また天然記念物が毎年、境内の四季を彩ります。
・樹齢約350年〝エドヒガンザクラ〟(幹周り3.2m、高さ20m/岐阜県指定)
・樹齢約100年以上〝ハナノキ〟の大樹(山県市指定)
・樹齢200年〜250年〝モミノキ〟(山県市指定)

甘南美寺で生まれ育って———これからのお寺のお話

ぐるりと山に囲まれた甘南美寺は静寂と凛とした雰囲気が漂っており背筋が伸びるよう。清らかな水の流れにすうっと心が休まります。
明治5年より僧侶の妻帯が国から正式に許可を受けました。この歴史あるお寺で、初めて生まれ、育ったのが、現住職が横山正文さんです。横山住職はお寺に仕えて40年。70年以上お寺に暮らしていますが、子供の頃から「全く何も変わらない」とおっしゃいます。

春は雲のように境内を覆うヒガンザクラ…
梅雨がくるたび、紫陽花が花開き、色鮮やかに石碑や灯籠に苔生し…
夏は新緑とヒグラシの声に包み込まれ…
秋は赤く燃えるようなハナノキや紅葉…
冬は緑のモミノキに降り留まる白い雪…

毎年、その繰り返す自然の様は何百回と変わる事なく続いているのでしょう。それは「いつか見た光景」のようであり、私たちに安心感をもたらしてくれます。時代の変化に伴い、人々の生活スタイルが変わろうとも、お寺は何も変ることなく、人々の心のよりどころとして、ここに「在る」のです。

信仰の対象であったお寺が昨今では観光化しています。パワースポットブームから始まり、神社仏閣を巡る女子旅や神社ガール、御朱印ガールも増えています。そんな世情について横山住職は「それに対応していかなければ行けない部分と、守り続けなければいけない部分をどのように住み分けていくか…今、お寺が考えることです」「いろいろな事をやるといろいろな事が見えてくるものです。ですから、やってみてみることです」と話されます。

近年、副住職に息子の大周さんが就任しました。夏には竹燈籠が真っ暗な境内を彩る「燈す」が開催されます。事前に竹燈籠を作る会があり、参加者の作品も境内に点灯されます。
新しい事に挑戦しつつ、人々に開かれ続けるお寺でありたい———副住職の大周さんは、築かれたお寺の大切な部分を受け継ぎながら、新しい風を吹き込みます。

奥の院と甘南美寺の伝説

寺の奥の山道に、手引き観音から初まり、石仏33観音が並び、奥の院・甘南備神社のある釜ヶ谷山の山頂へ導きます。このお釜をふせたような丸みをおびた格好の山は甘南美寺の伝説の地。
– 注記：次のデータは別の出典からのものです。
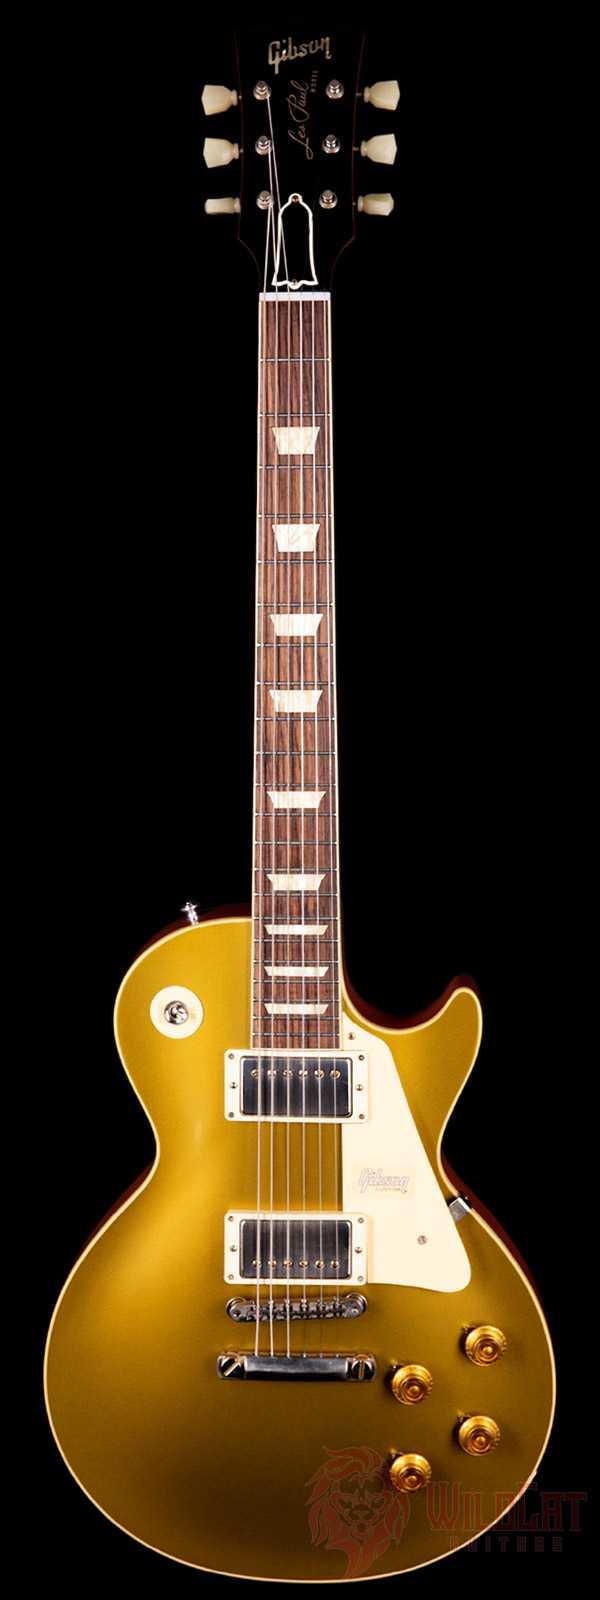 Gibson Custom Shop 1957 Les Paul Goldtop Reissue VOS Double Gold Light Back

———昔昔、ある夜、伊勢の二見浦に月が3つ4つも現れたように明るい光がさし、魚が海の底へ隠れてしまい漁が出来なくなってしまいました。漁師たちが光の元をたどると、それは美濃の国の高い山。頂上にお寺があり、中の仏様から美しい光が差し出ていました。お寺の和尚によると仏様が「ヤマブキの咲く里に移りたい。そうすればお参りする人が楽になるだろう」と夢枕に現れておっしゃる、という。それを聞いた人々は麓に新たに寺を造り御祀りすると、伊勢の海では魚が前より捕れるようになったとか…このお寺こそが甘南美寺なのです。———

今でも釜ヶ谷山から伊勢湾が肉眼で見え、訪れた人々に神秘的な気分をもたらします。

私たち先祖が繰り返し訪れたお寺はこんなお寺だったのかもしれません。変わらない甘南美寺の穏やかな時の流れは参拝者の心に寄り添い、心を鎮めるとともに、お寺に過去の記憶を読み取っているのかもしれません。